Gina set Rani’s picture back on the night table and picked up the sheet of paper on which she’d printed an e-mail sent to the Internet support group. She knew the woman who had written the e-mail. Gina had met her and her husband in the courthouse in Hyderabad, where they, too, had been waiting for the court order that would allow them to take their daughter home. Like Gina, they had gone back to the States empty-handed, and she knew from the information they’d shared in the support group that the last couple of months had been as torturous for them as they had been for her, as they waited and battled and hired attorneys and did all they could to get their daughter out of the orphanage. Tonight, though, she knew that couple was suffering even more.
“We are heartbroken and don’t know where to turn,” the wife had written. “We had not been able to get any information from the state orphanage, where Meena was moved in May, so we flew back to India last week. And there we were told they had no record of Meena ever being there. Neither does the original orphanage where we visited her. We
know
she was there, since that is where we spent time with her. Meena’s existence has been expunged. It’s as though we’re the only people who know that she ever existed, because we held her and talked to her and loved her. And now we can’t find her. I am sick over what might have happened to her.”

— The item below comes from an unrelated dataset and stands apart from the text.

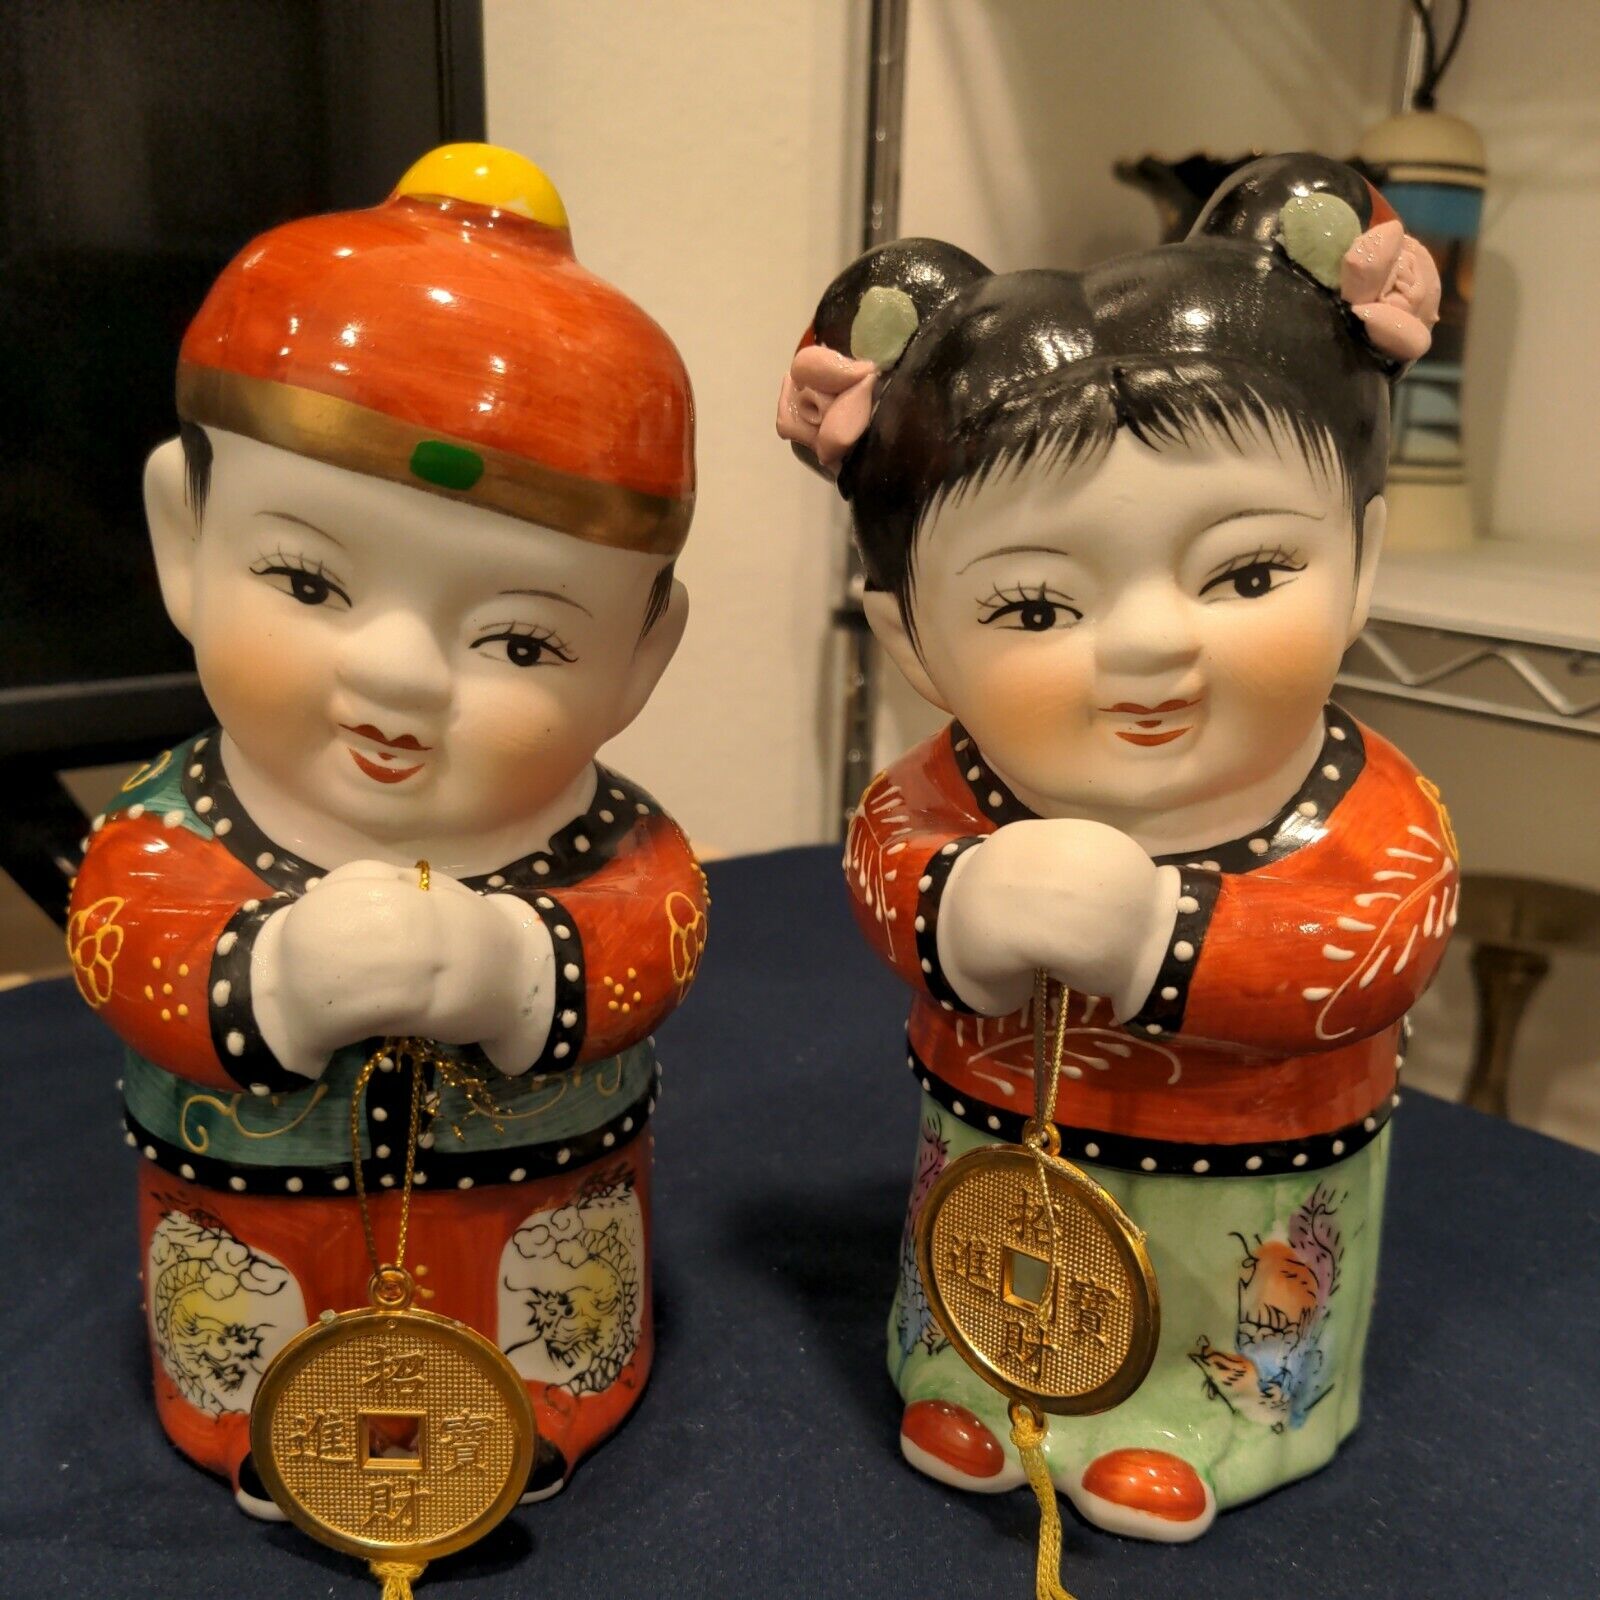 vintage hand painted boy and girl dolls, porcelain Japanese's style, beautiful!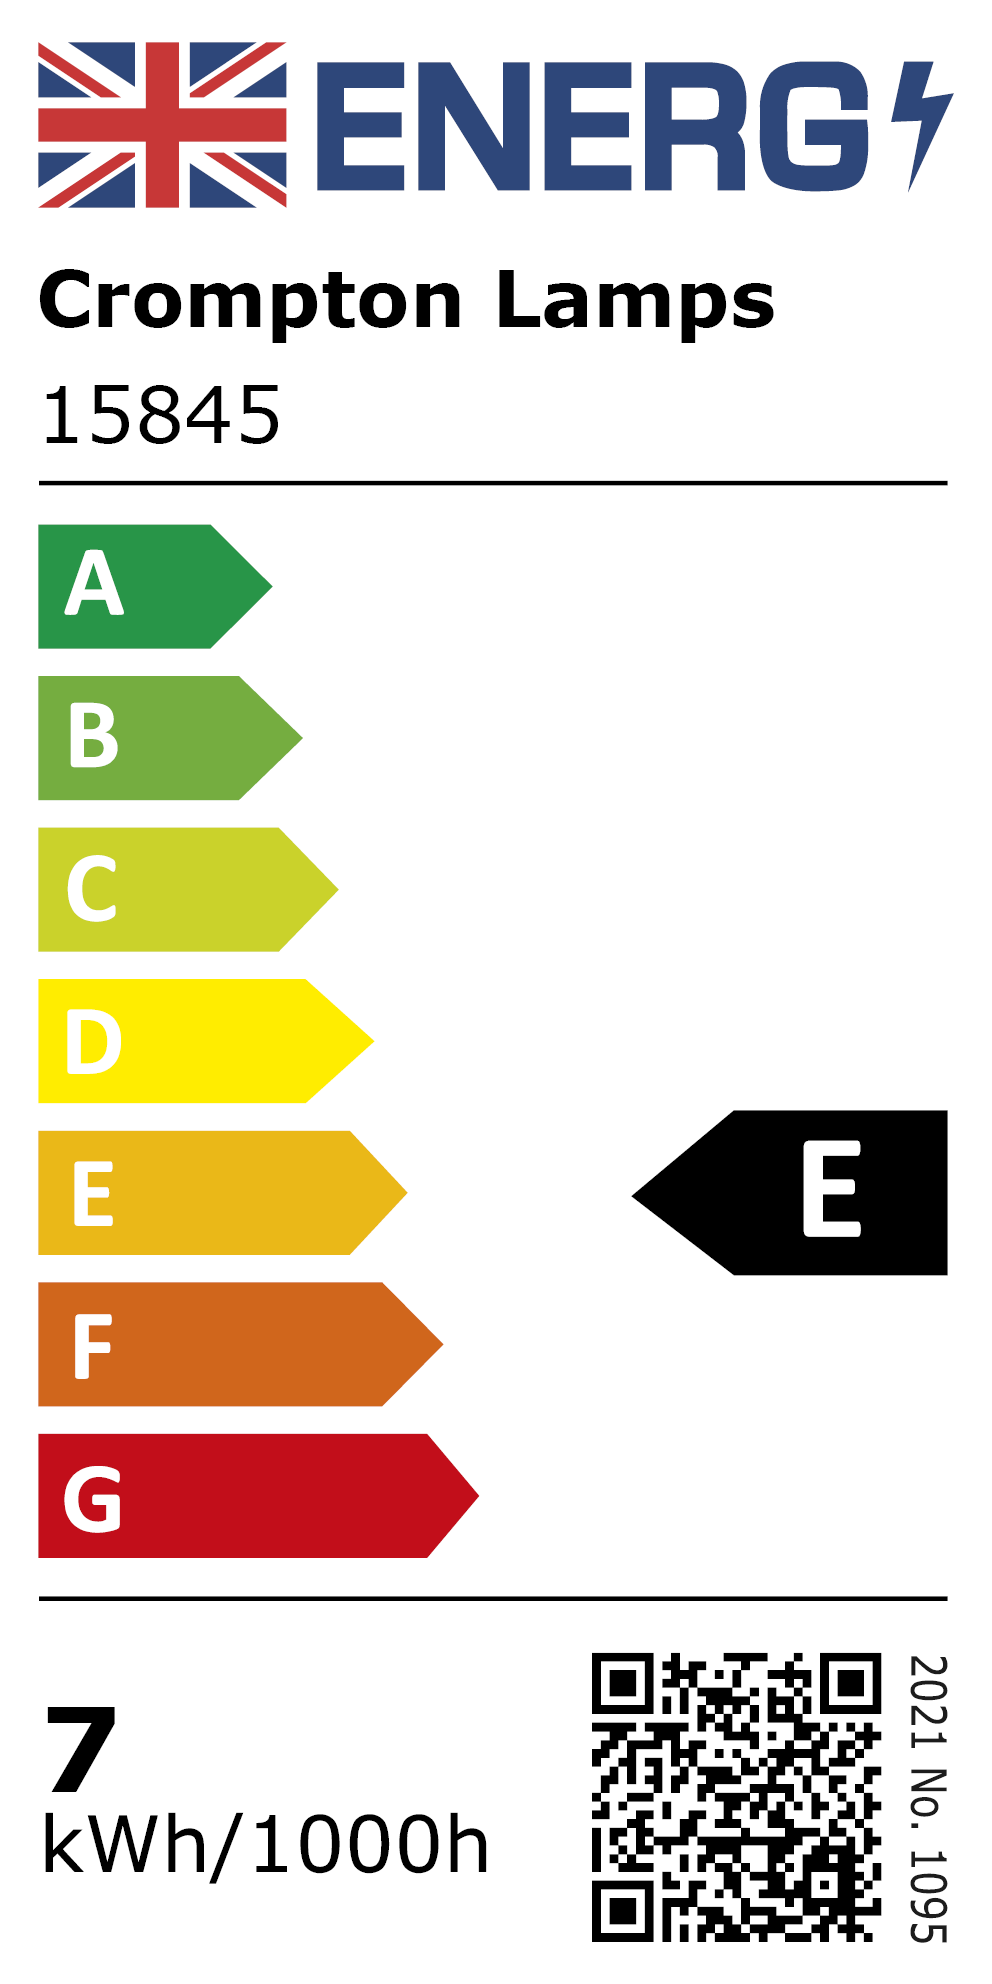 New 2021 Energy Rating Label: MPN 15845

Gina had never fully understood why Meena had been moved to the state orphanage, but she did know that no one wanted their child in that place. Might Rani be moved as well? Could she also disappear?
The e-mail had wiped from her mind her distress over the lost four hundred and ten dollars, as well as the unproductive conversation with Alec at the Sea Tern Inn, where she’d looked like an ignorant fool as she tried to answer his questions about the lighthouses in the Pacific Northwest. It even, if only for a moment, made her forget what he’d said about the missing panel and her fear that that very panel might turn out to be the part of the lens she needed.
Closing her eyes, she rested the e-mail on her chest. She used to be an active member of the Internet group, but she could no longer commiserate with those parents. She had become a silent lurker, reading their messages but never responding or posting any news of her own. She could no longer turn to them for advice or sympathy. She had taken a path they would never approve of, and she could not let them know.
And now it seemed that her only hope to get Rani lay in the secrets of Bess Poor’s diary.